Exercise objective: Begin with the line that holds "Guía de instalación" and retype through the last line of the listing below, exactly; pictures are not part of the copy.

##### Stored data

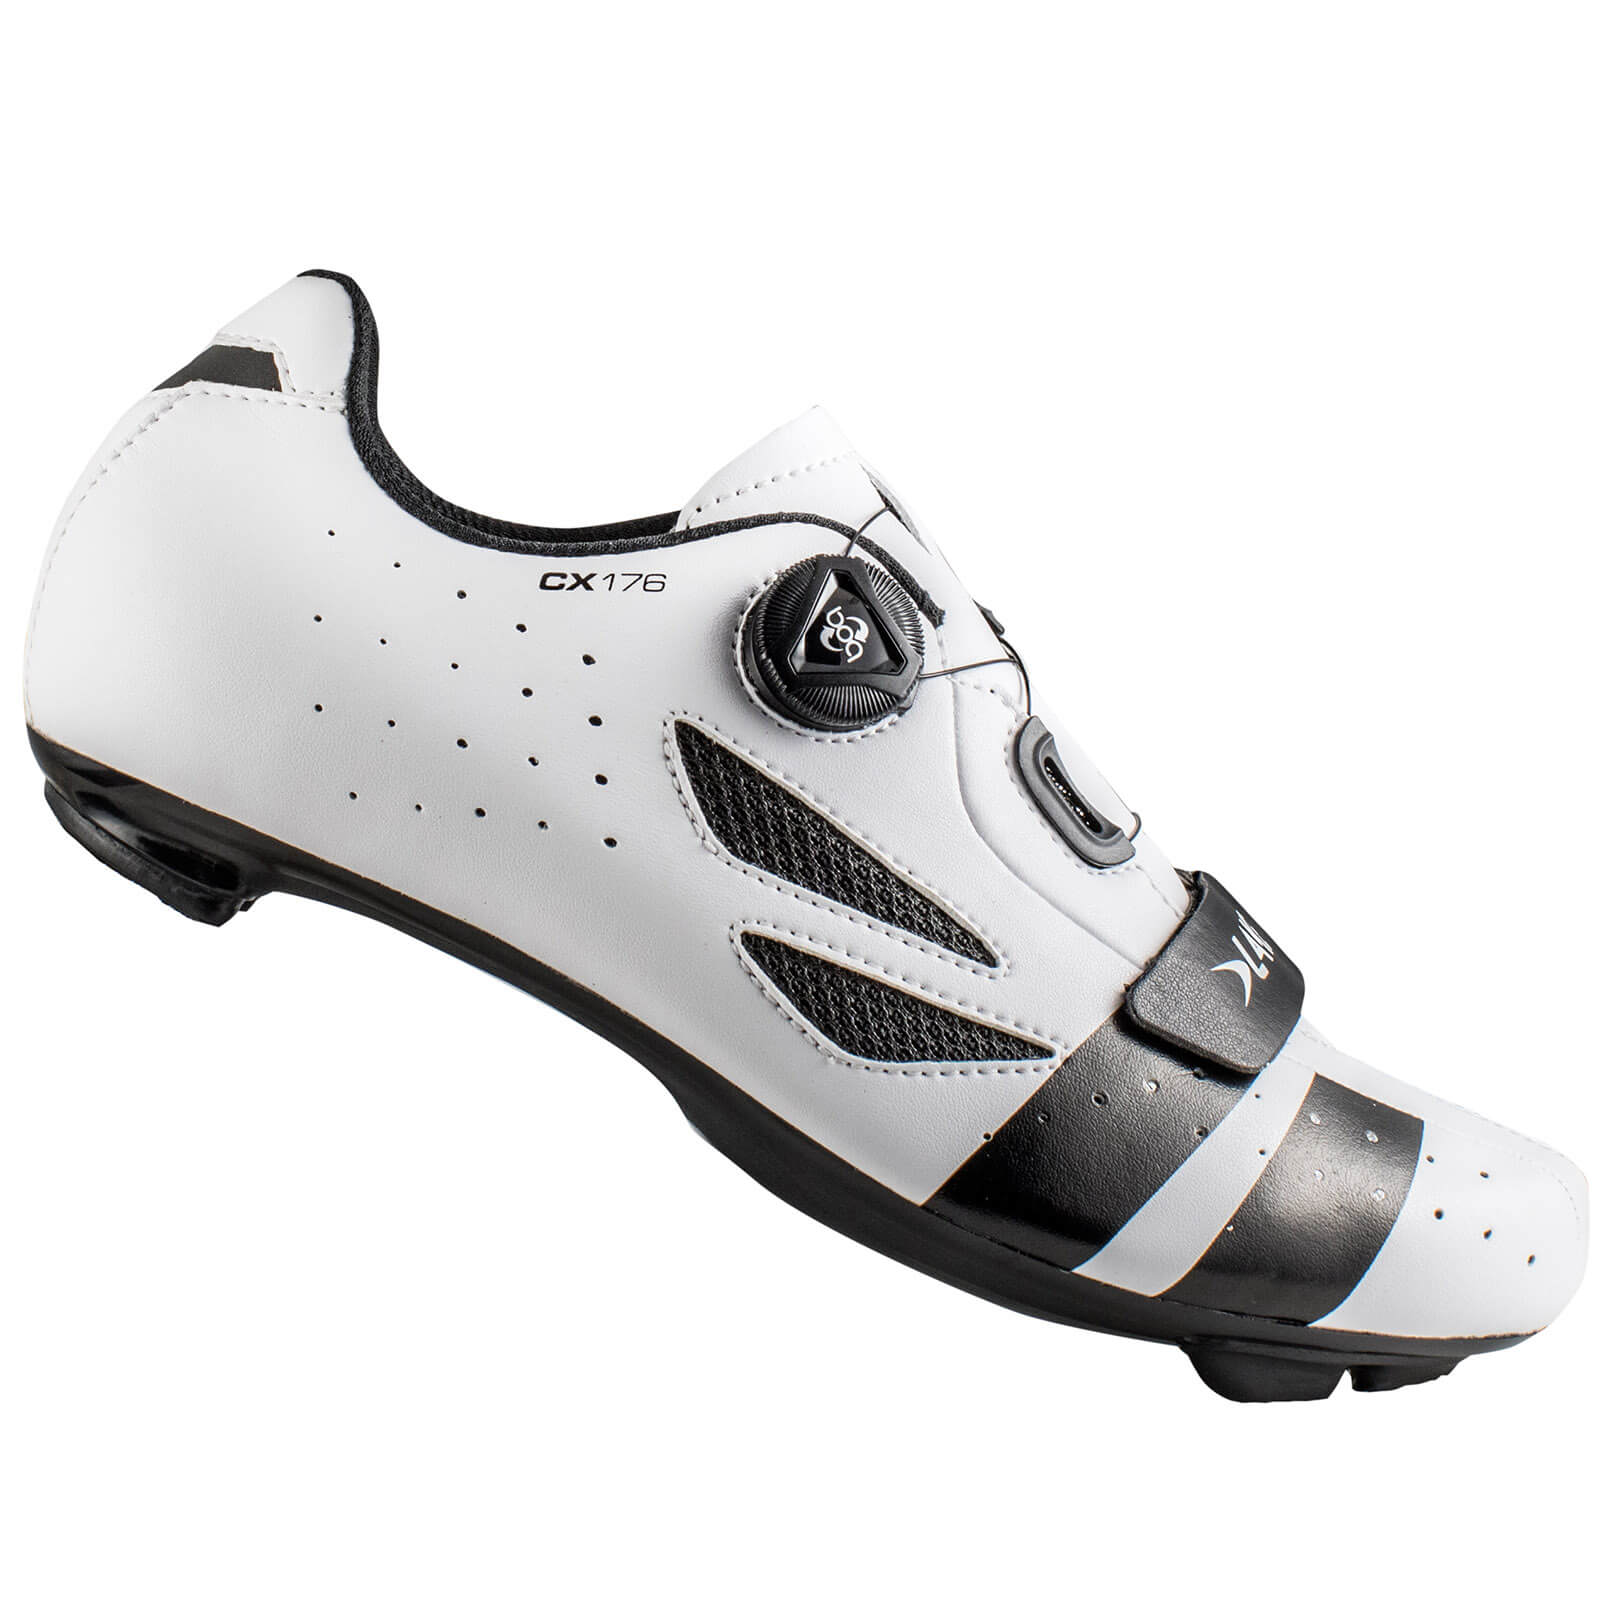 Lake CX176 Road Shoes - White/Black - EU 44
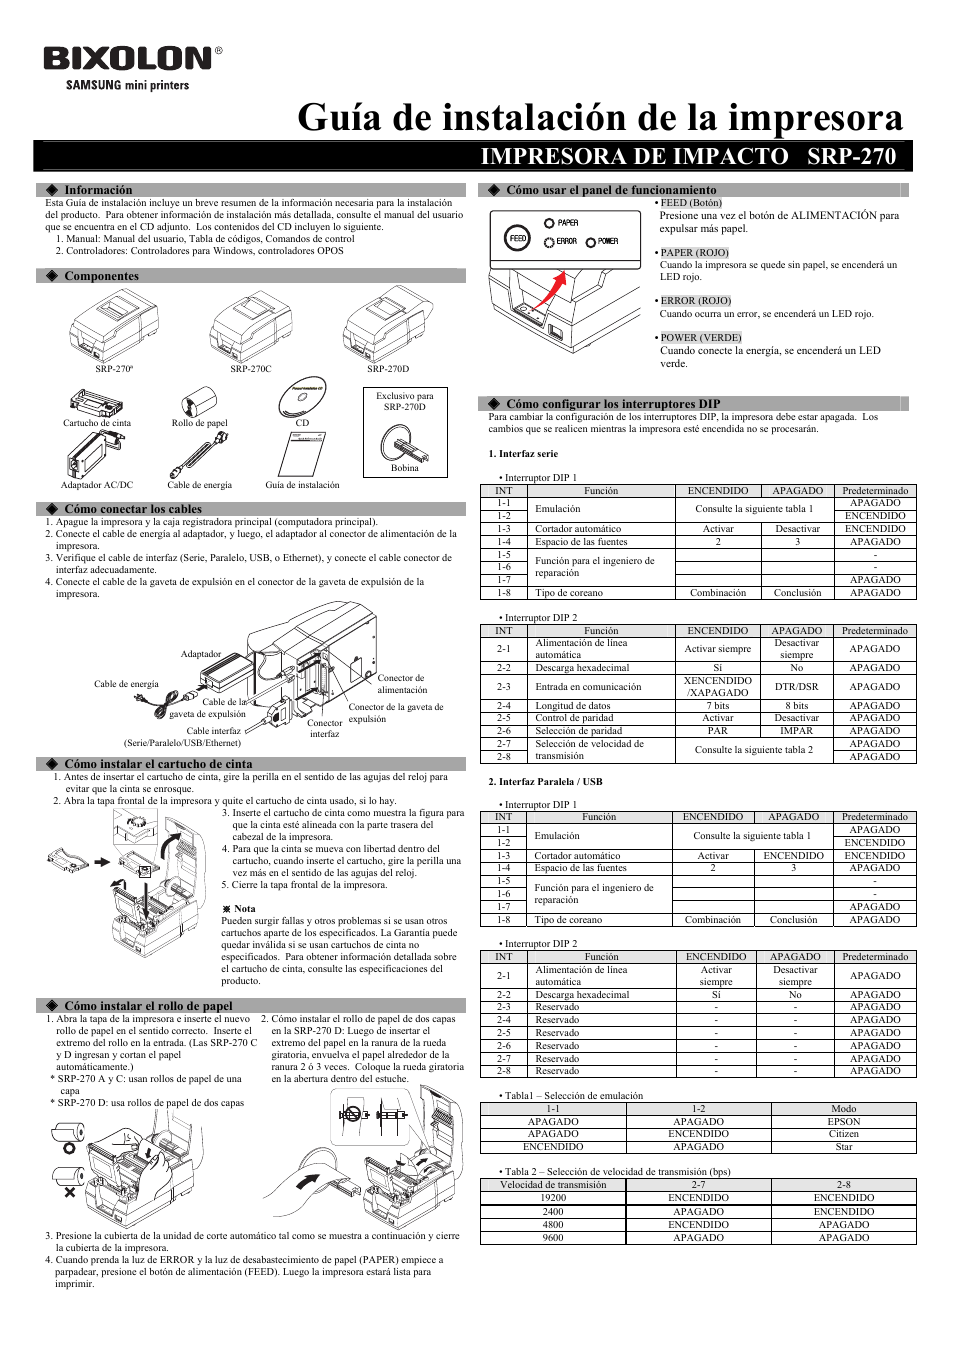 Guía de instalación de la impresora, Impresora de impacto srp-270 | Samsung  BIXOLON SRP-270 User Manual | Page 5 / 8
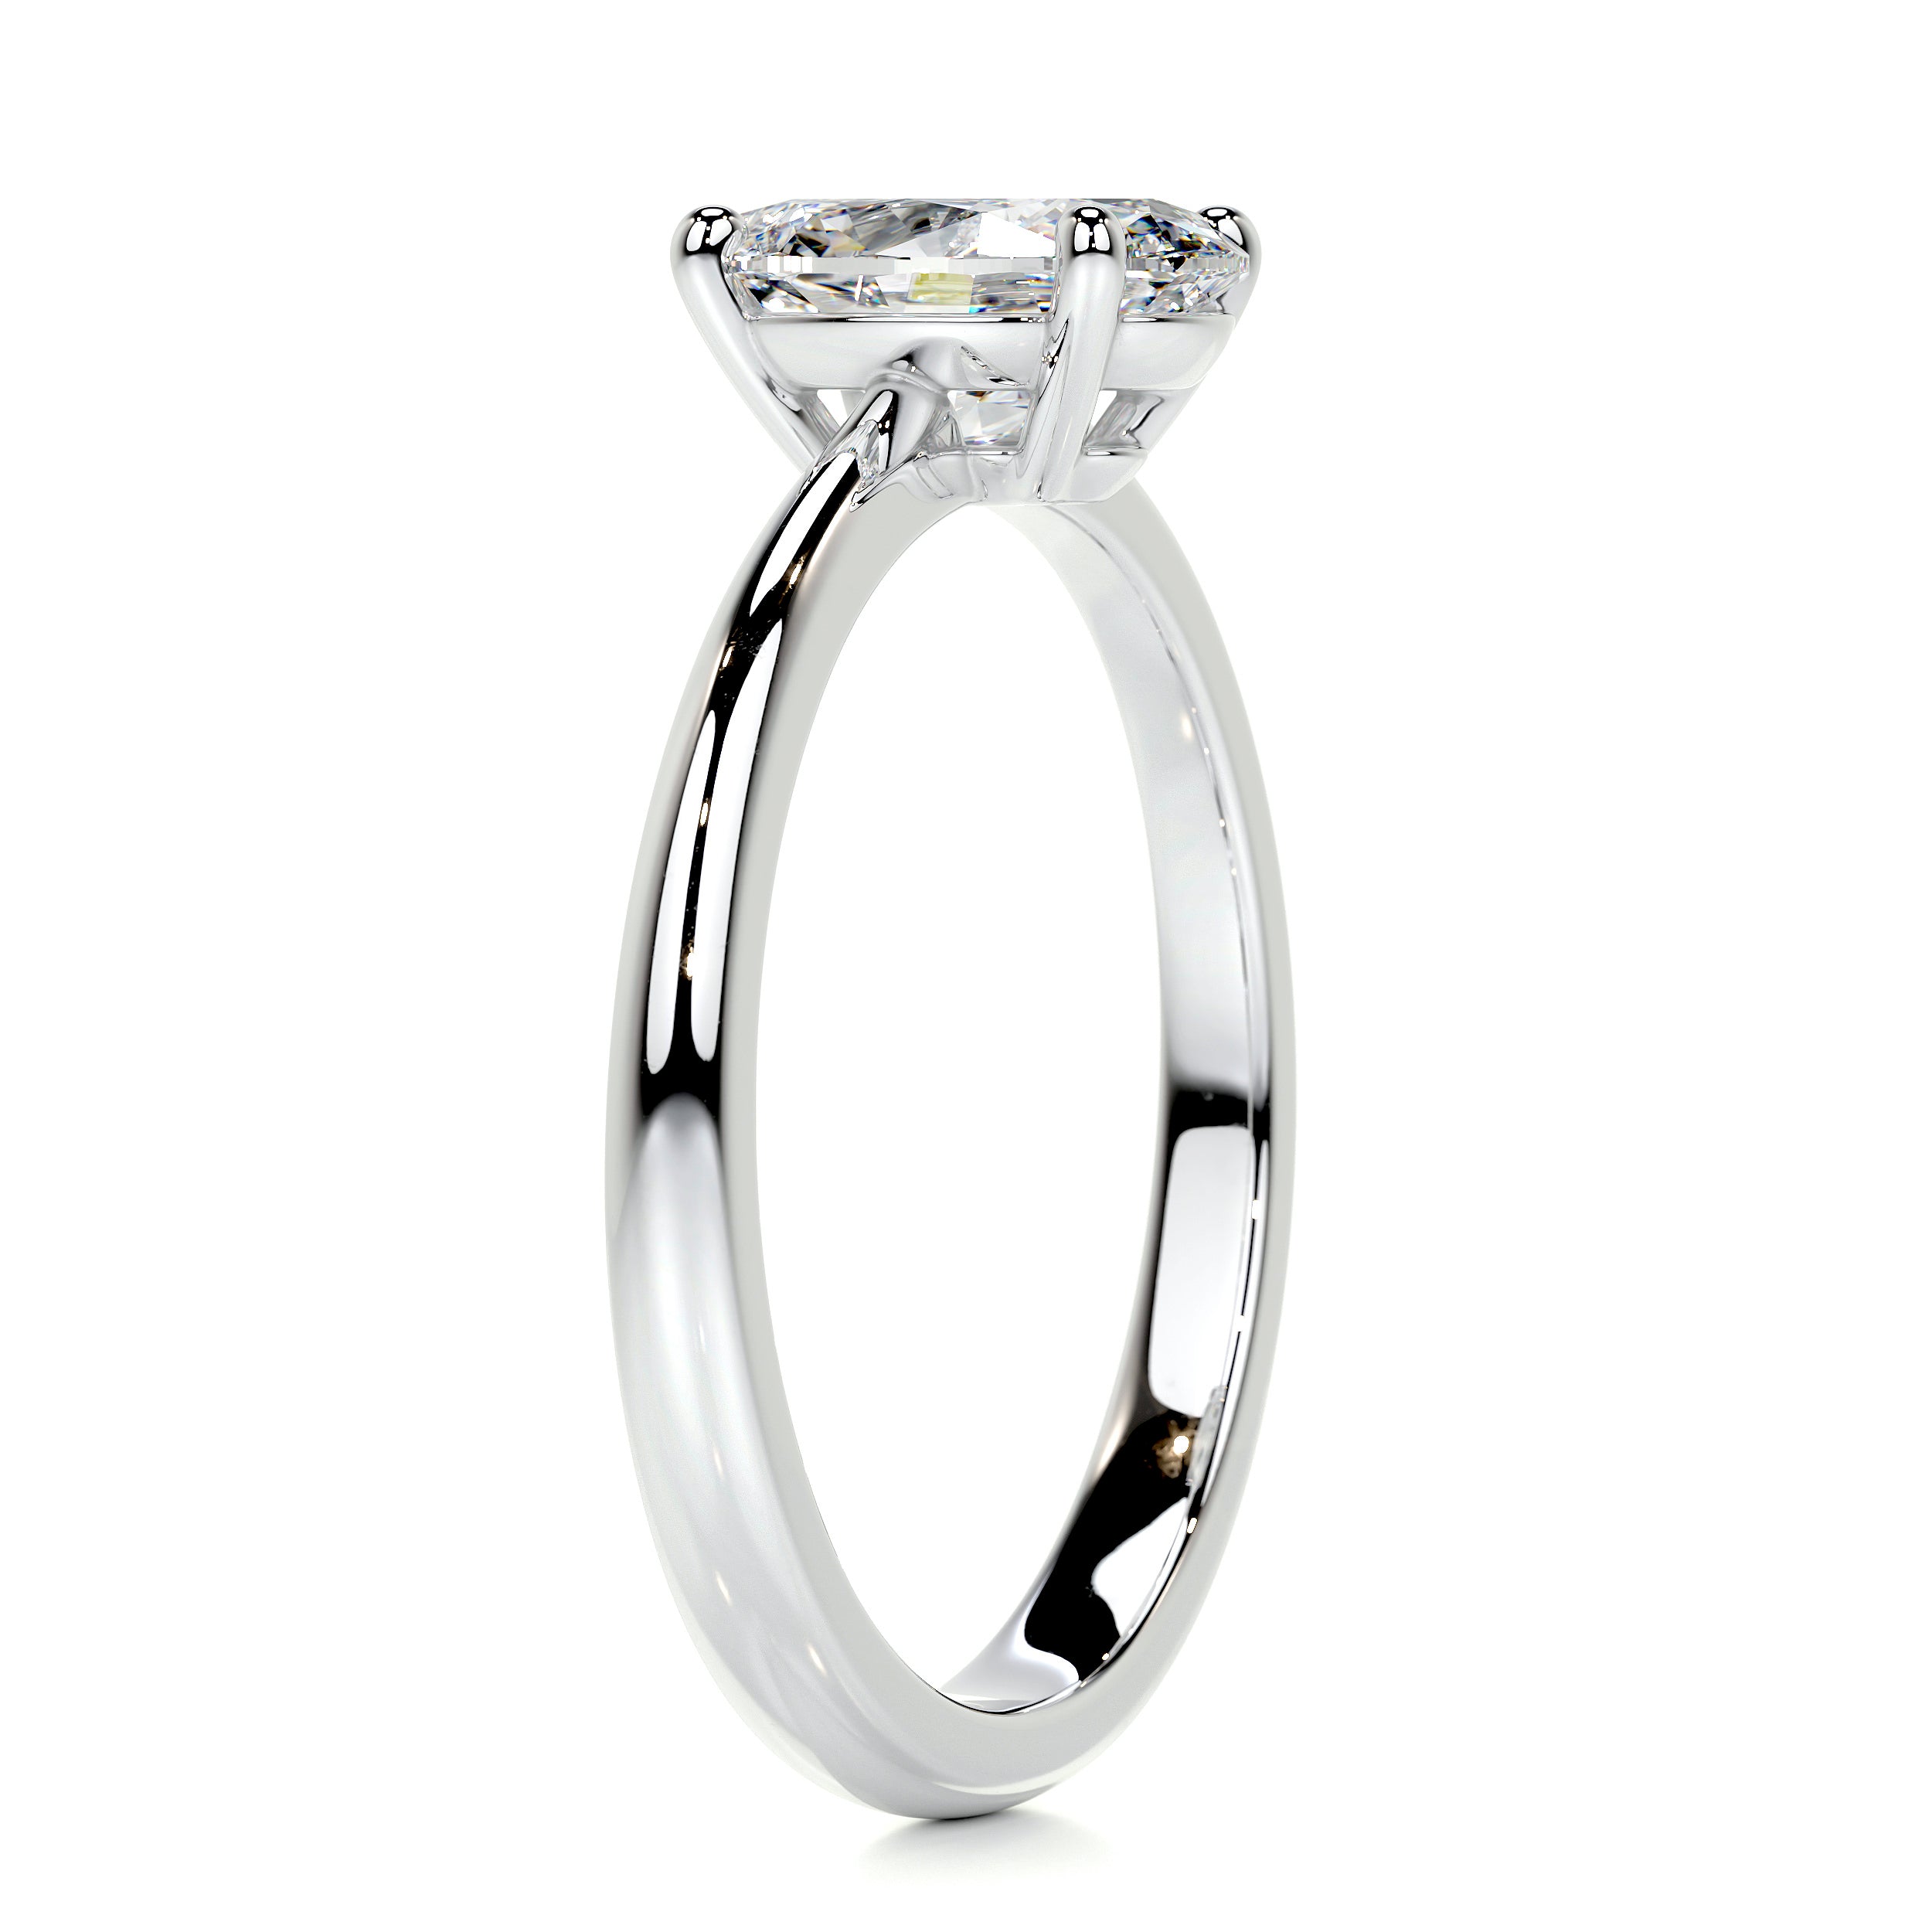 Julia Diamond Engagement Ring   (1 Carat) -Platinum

##########

Result for this task:
 Guía de instalación de la impresora, Impresora de impacto srp-270 | Samsung  BIXOLON SRP-270 User Manual | Page 5 / 8
 Julia Diamond Engagement Ring   (1 Carat) -Platinum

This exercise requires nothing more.